Het segment Bulgaren dat in 2012 in de 2 jaar vooraf had gewerkt aan verbetering van de eigen talenkennis over de grens was aan de kleine kant (18 om 21%; QE3) en een doorsnee deel was dit het komende jaar van plan (8%). Relatief velen hadden echter niks gedaan aan talenkennis en waren dat ook niet van plan (53 om 44%). Op de vraag naar 2 voorkeurstalen voor de eigen persoonlijke ontwikkeling koos 57% Engels (EU 67%; -8 om -1% t.o.v. 2005; QE1) met daarna Duits (20 om 17%, -14 om -5%), Russisch (14 om 4%, +3 om +1%), Spaans (7 om 14%, +2 om -2%), Frans (5 om 16%, -6 om -9%), Bulgaars (5%, +1%), Italiaans (4 om 5%, +2 om +2%), Grieks (3 om 0%) en Roemeens (1 om 0%) en 24% (om 12%, +8 om +2%) leek het leren van geen enkel vreemde taal nuttig. Voor hun kinderen was de volgorde van voorkeuren Engels (90 om 79%; +3 om +2%), Duits (36 om 20%, -13 om -8%), Russisch (14 om 4%, 0 om +1%), Spaans (9 om 16%, +4 om -3%), Frans (5 om 20%, -8 om -13%), Bulgaars (4%, +1%), Italiaans (3 om 2%, +2 om 0%), Grieks (2 om 1%), Turks (1 om 0%), Roemeens (1 om 0%), Chinees (1 om 14%, +1 om +12%) en Arabisch (1 om 0%) en hier leek 1% (om 2%) het leren van vreemde talen niet nuttig voor hun kinderen.

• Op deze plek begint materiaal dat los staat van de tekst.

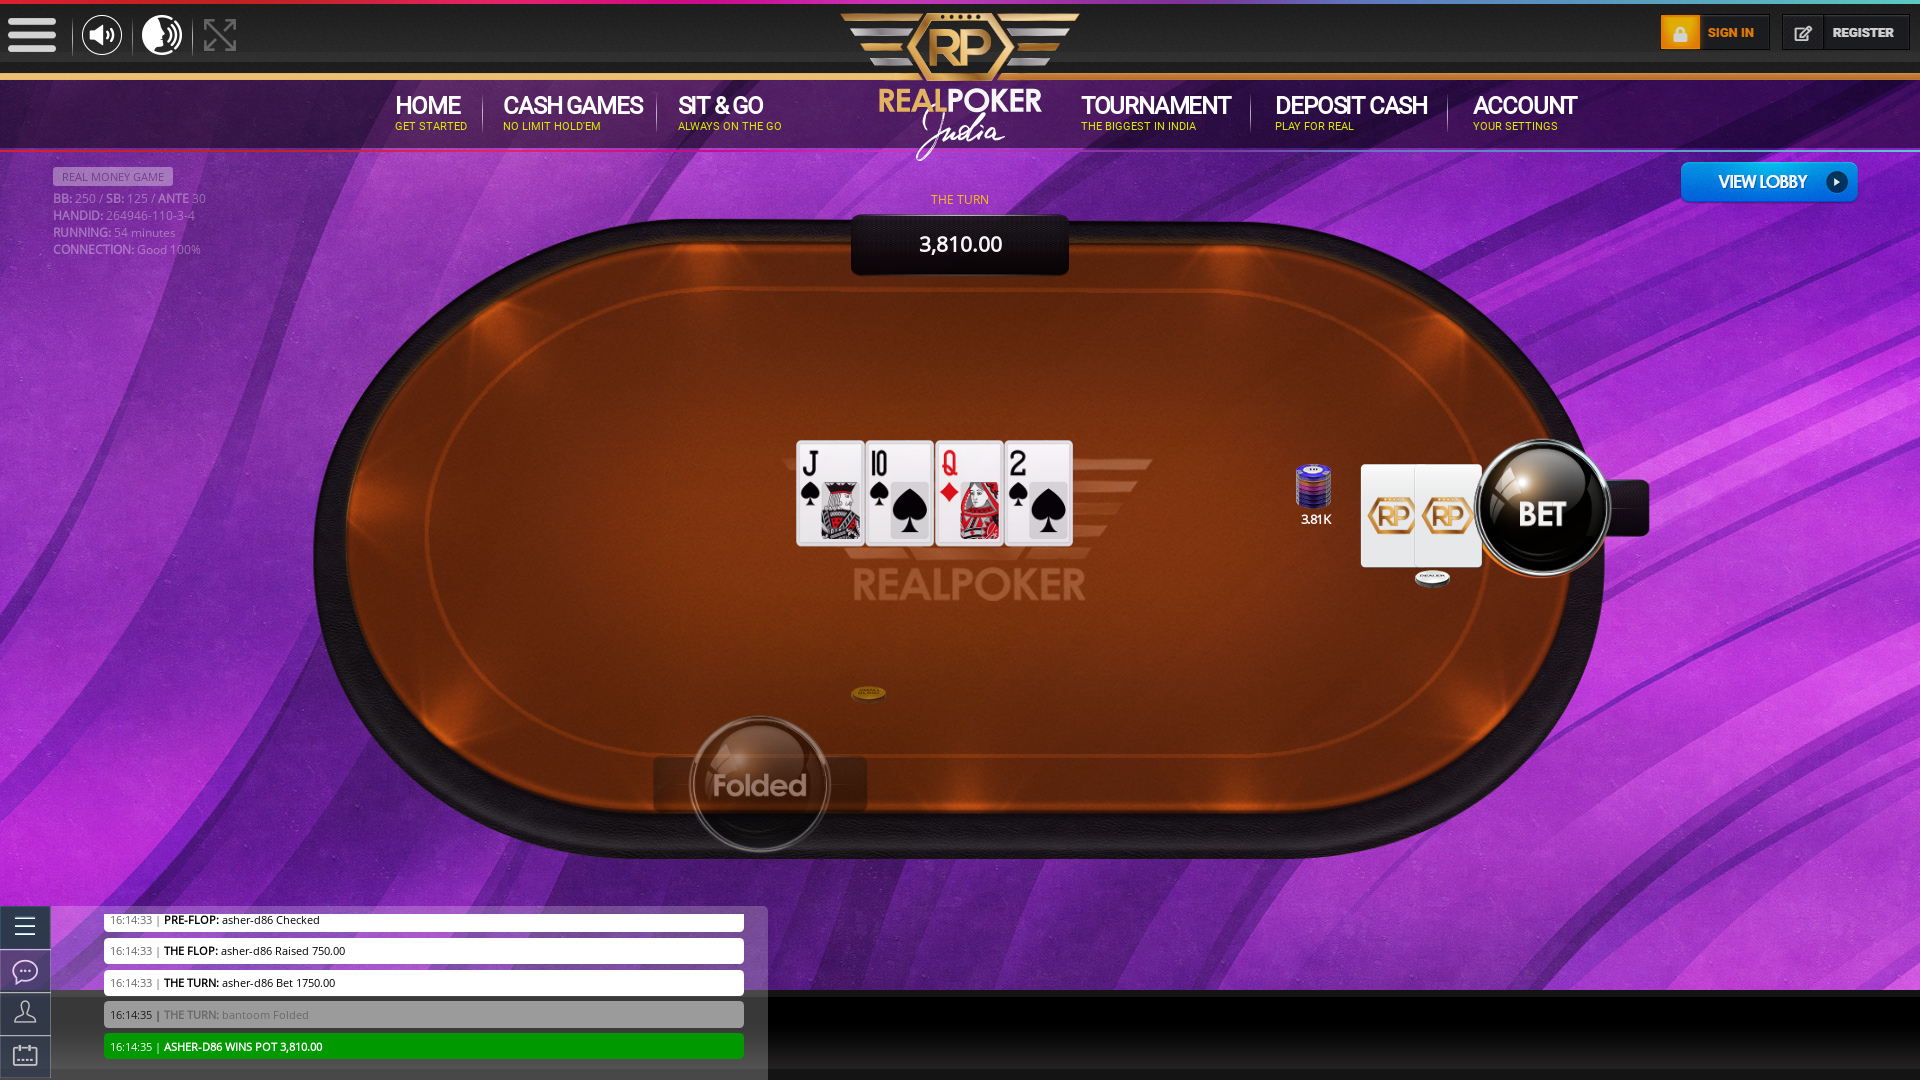 New Delhi 10 player poker in the 54th minute

Onder 11 mogelijke motieven om een nieuwe taal te leren (QE2) scoorden in het buitenland kunnen werken (67%, EU 61%), in eigen land werk vinden (46 om 45%), voor werk gebruiken (incl. zaken/werkreizen 39 om 53%), studeren in het buitenland (37 om 43%) en buitenlanders kunnen verstaan (31 om 38%) of leren kennen (28%) het hoogst. Internetten (17 om 14%) en zich meer Europeaan voelen (15 om 10%) kregen ook relatief veel aanhang. Voor jezelf/ leuk scoorde relatief laag (22 om 29%) en voor vakantie (16 om 47%) of familie in het buitenland (2 om 10%) scoorden het laagst binnen de Eu. Onder 10 stimulansen om taalles te nemen kwamen gratis les (37 om 29%) en verbetering loopbaan perspectief (21%) of zicht op werk in buitenland (19 om 16%) relatief hoog en goede cursus op TV (3 om 7%) of internet (8 om 10%) of zicht op studie in land waar de taal wordt gesproken (14 om 18%) bleven relatief laag. Onder 11 redenen om het niet te doen (QE5) werd te duur het vaakst aangevinkt binnen de EU (46 om 25%, +12 om +3% t.o.v. 2005). Lesgelegenheid is te ver van huis (6%, 0 om -1%) en geen aanleg (20 om 19%, +7 om +3%) kwamen wat boven en geen zin (31%, +8 om +4%) of geen gelegenheid om te oefenen met sprekers van de taal (13%) iets onder gemiddeld. Geen tijd (21 om 28%, -2 om -6%), kom de taal niet genoeg tegen in media (2 om 5%), materiaal of cursussen slecht (5 om 8%), geen aanbod (2 à 3%) en slechte ervaringen (2 om 3%) werden naar verhouding weinig aangevinkt.   

Anders dan gemiddeld in de EU was de Europese gezindheid op taalgebied na 2005 flink gegroeid (gelijke behandeling van alle talen in de EU 90 om 81%, +20 om +9%; één taal die iedereen in de Eu spreekt 57 om 69%, +13 om -1%; één vaste voertaal bij EU instellingen 42 om 54%, +8 om -1%; meer politieke prioriteit voor taalonderwijs 81 om 77%, iedereen in de EU moet minstens 1 taal van over de grens kennen 73 om 84%, minstens 2: 60 om 72%; QE7). In 2005 was de aanhang voor meer steun aan regio en minderhedentalen het kleinst binnen de Eu (30 om 63%; EB 243).